Читаем Ортодоксия полностью

Часто говорят, что надо быть прогрессивным, потому что все идет к лучшему. На самом деле единственный довод в пользу прогресса — то, что все идет к худшему. Все портится; вот лучший аргумент в пользу прогресса. Если б не это, консерваторам было бы нечего возразить. Они говорят: оставьте все как есть и будет хорошо. Но это не так. Все будет плохо. Оставьте в покое белый столб — и он очень скоро станет черным. Хотите, чтоб он был белым, — красьте его снова и снова; другими словами, снова и снова восставайте. Если вам нужен старый белый столб, постоянно создавайте новый. Это — так, когда речь идет о предметах; это еще верней и страшней, когда речь идет о людях. Все человеческие установления старятся с такой сверхъестественной быстротой, что нам нельзя думать ни минуты. В газетах и книжках принято писать о тяжком иге старых тираний. На самом же деле мы почти всегда страдаем от новой тирании, которая лет за двадцать до того была свободой. Англия восторгалась до безумия патриотической монархией Елизаветы[98], а потом, почти сразу, возмутилась до безумия тиранией Карла I[99]. Во Франции монархию не смогли вынести не после того, как ее терпели с грехом пополам, а после того, как ей поклонялись. Людовику Любимому наследовал Людовик Казненный[100]. У нас, в XIX веке, прогрессивного фабриканта считали чуть ли не народным трибуном, пока социалисты не возопили, что он — кровавый тиран и людоед. Еще пример: газета была для нас глашатаем общественного мнения, и вдруг (именно — вдруг, не постепенно) некоторые обнаружили, что это ей и не снилось. Мы поняли, что газеты — прихоть нескольких богачей. Совсем не нужно восставать против старого; восставать надо против нового. Мир держат в оковах новые тираны — капиталисты, издатели газет. Вряд ли король в наши дни грубо нарушит конституцию; скорей он обойдет ее, будет действовать за ее спиной. Он воспользуется не королевской властью, а королевским безвластием, бессилием — тем, что никто ничего о нем не знает и не может на него напасть. Ведь король теперь — самое частное из частных лиц, И еще один пример: газетчикам незачем сражаться против цензоров. Прошли те времена. Теперь сама газета — цензор.

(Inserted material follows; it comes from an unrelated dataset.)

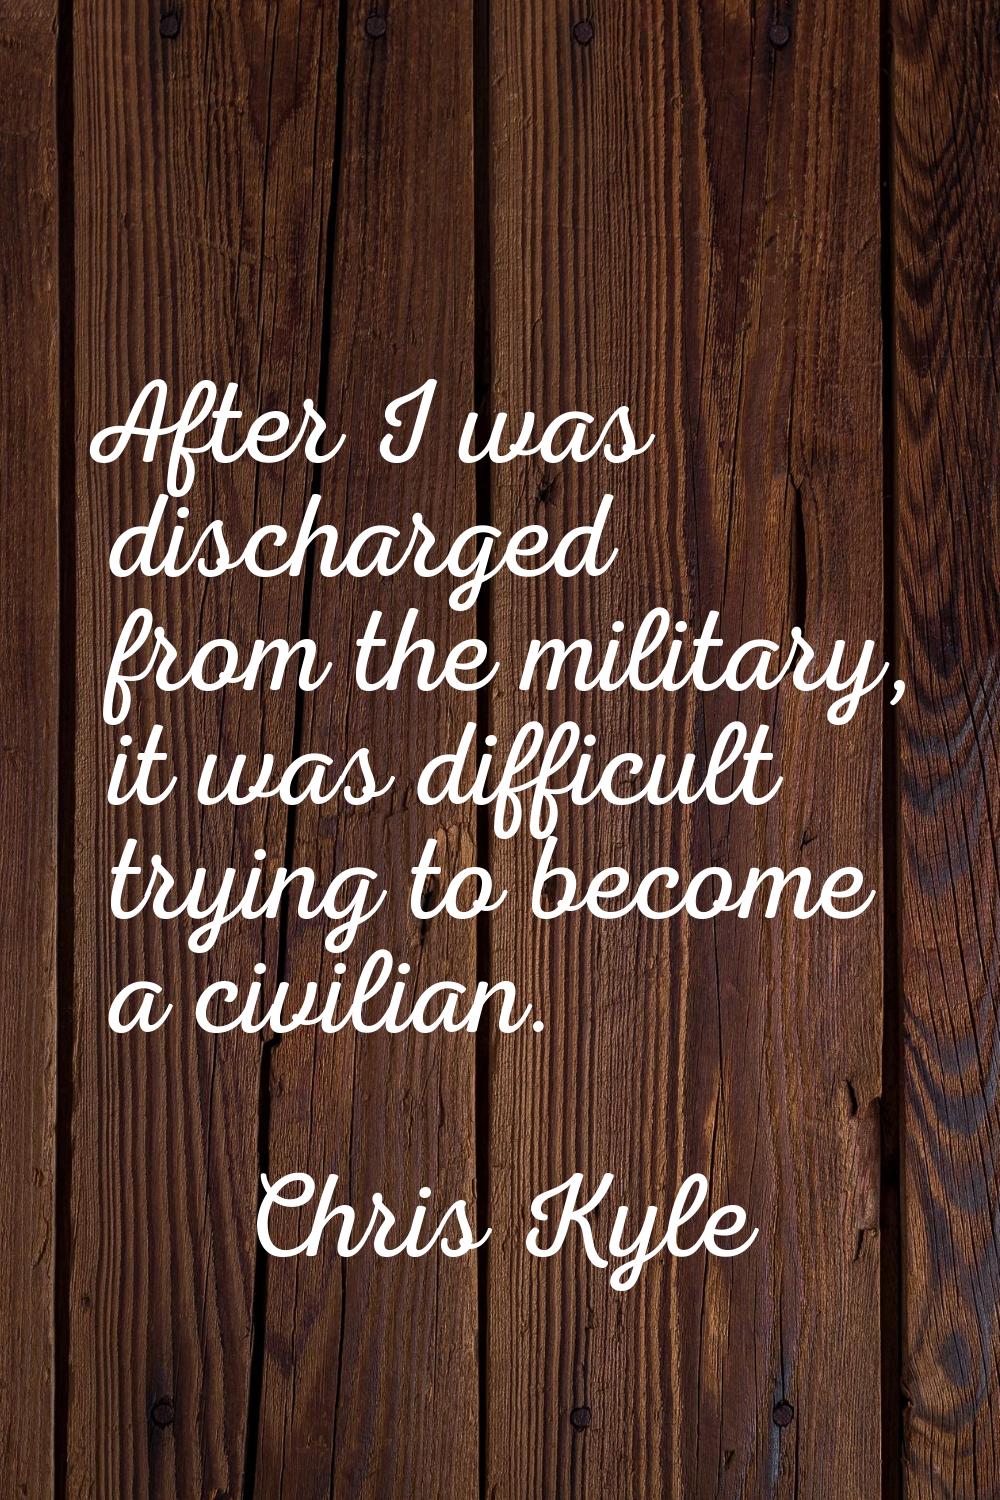 After I was discharged from the military, it was difficult trying to become a civilian.

Все общественные установления заболевают тиранией с поразительной быстротой; вот третий факт, который должна учесть наша безупречная теория прогресса. Надо все время следить, чтобы той или иной свободой не злоупотребляли; чтобы то или иное право не стало злом. Здесь я полностью согласен с революционерами. Они правы, когда не доверяют тому, что установили люди; правы, когда не надеются на князей и сынов человеческих[101]. Вождь, избранный как друг народа, становится ему врагом; газета, созданная, чтоб все узнали правду, скрывает ее от всех. Да, я понял революционеров; и снова у меня перехватило дух — я вспомнил, что и на этот раз я заодно с христианством.

Оно заговорило снова. «Я учило всегда, что люди по природе своей неустойчивы; что добродетель их легко ржавеет и портится; что сыны человеческие сползают к злу, особенно если они благополучны, горды и богаты. Это недоверие, этот вечный мятеж вы на вашем неточном, новом языке именуете доктриной прогресса. Будь вы философом, вы бы, как я, сказали „догмат о первородном грехе“. Зовите это, как вам нравится; я же зову это истинным именем: грехопадение человека».